### [Work request]
Within the data below, tally the lines that contain "Vivienne" and state only the total.

### [Data for the task]
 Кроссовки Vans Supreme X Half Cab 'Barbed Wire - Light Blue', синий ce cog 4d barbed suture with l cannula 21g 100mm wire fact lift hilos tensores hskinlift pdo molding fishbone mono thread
---
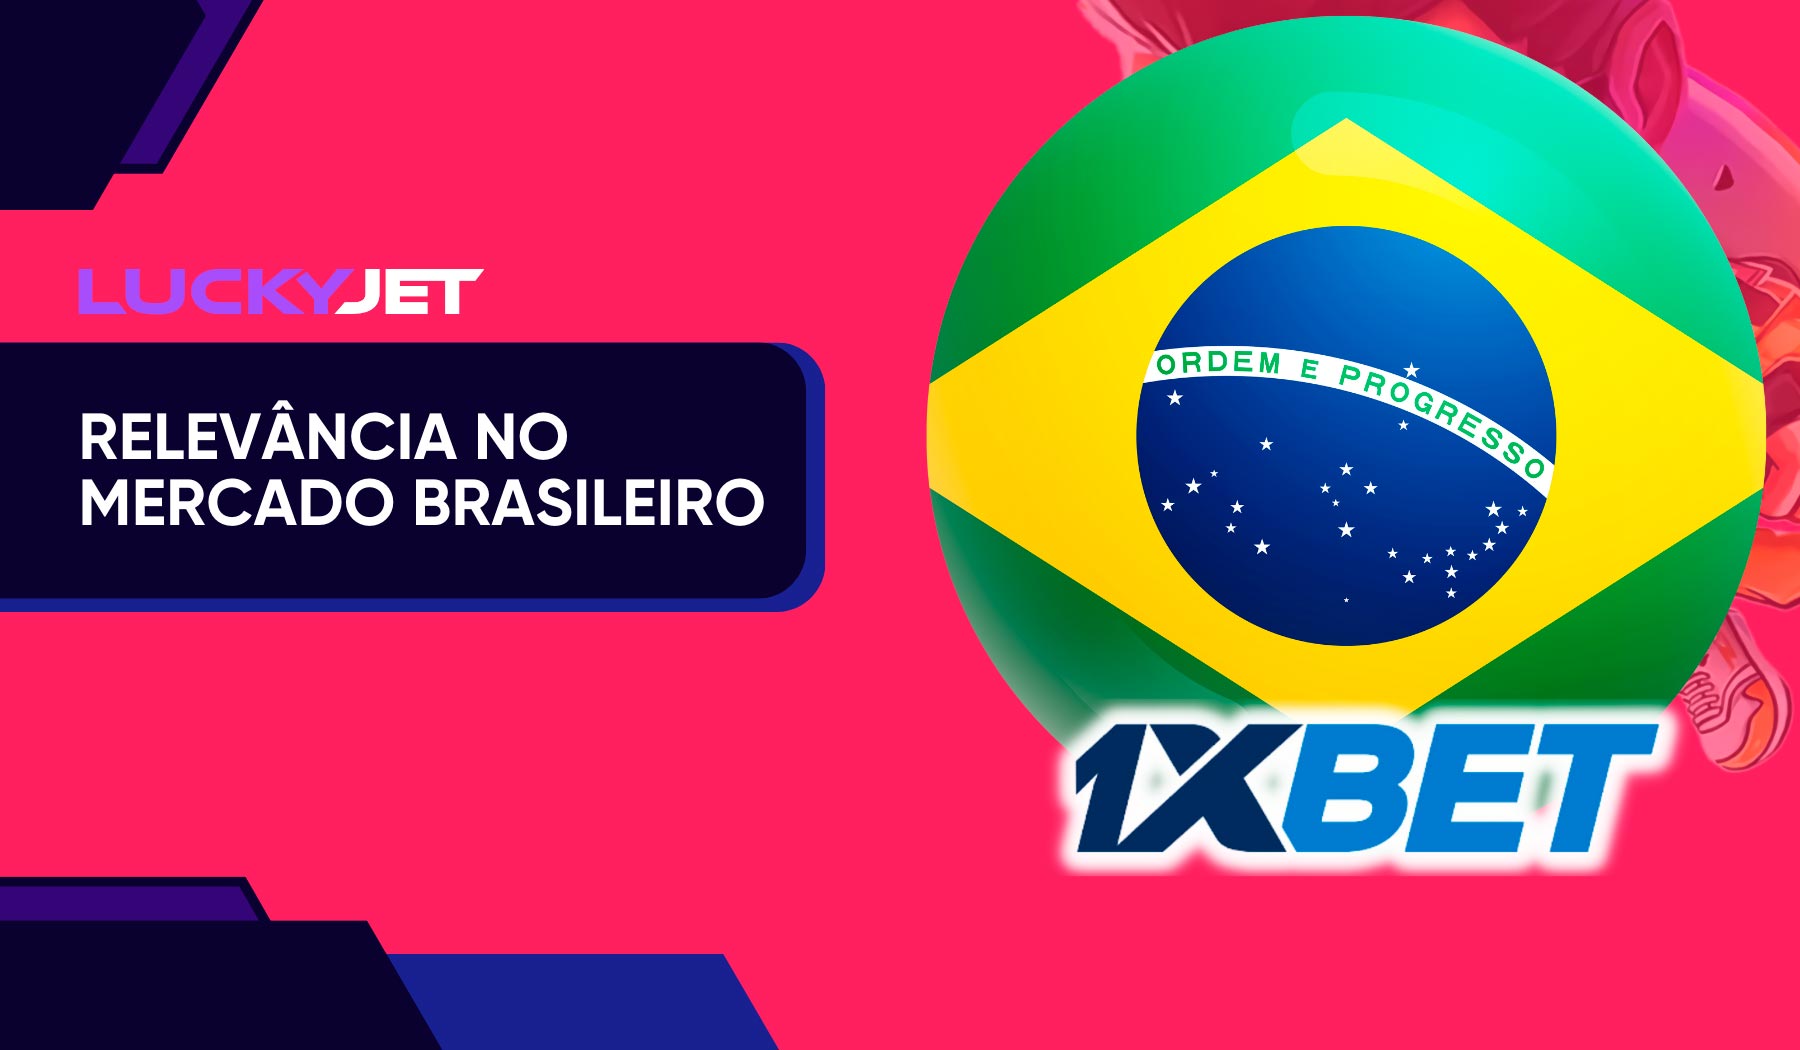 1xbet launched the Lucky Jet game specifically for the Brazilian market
...
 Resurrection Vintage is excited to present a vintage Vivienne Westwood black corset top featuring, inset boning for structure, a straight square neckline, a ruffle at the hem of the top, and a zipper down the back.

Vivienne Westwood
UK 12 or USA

### [Written response]
2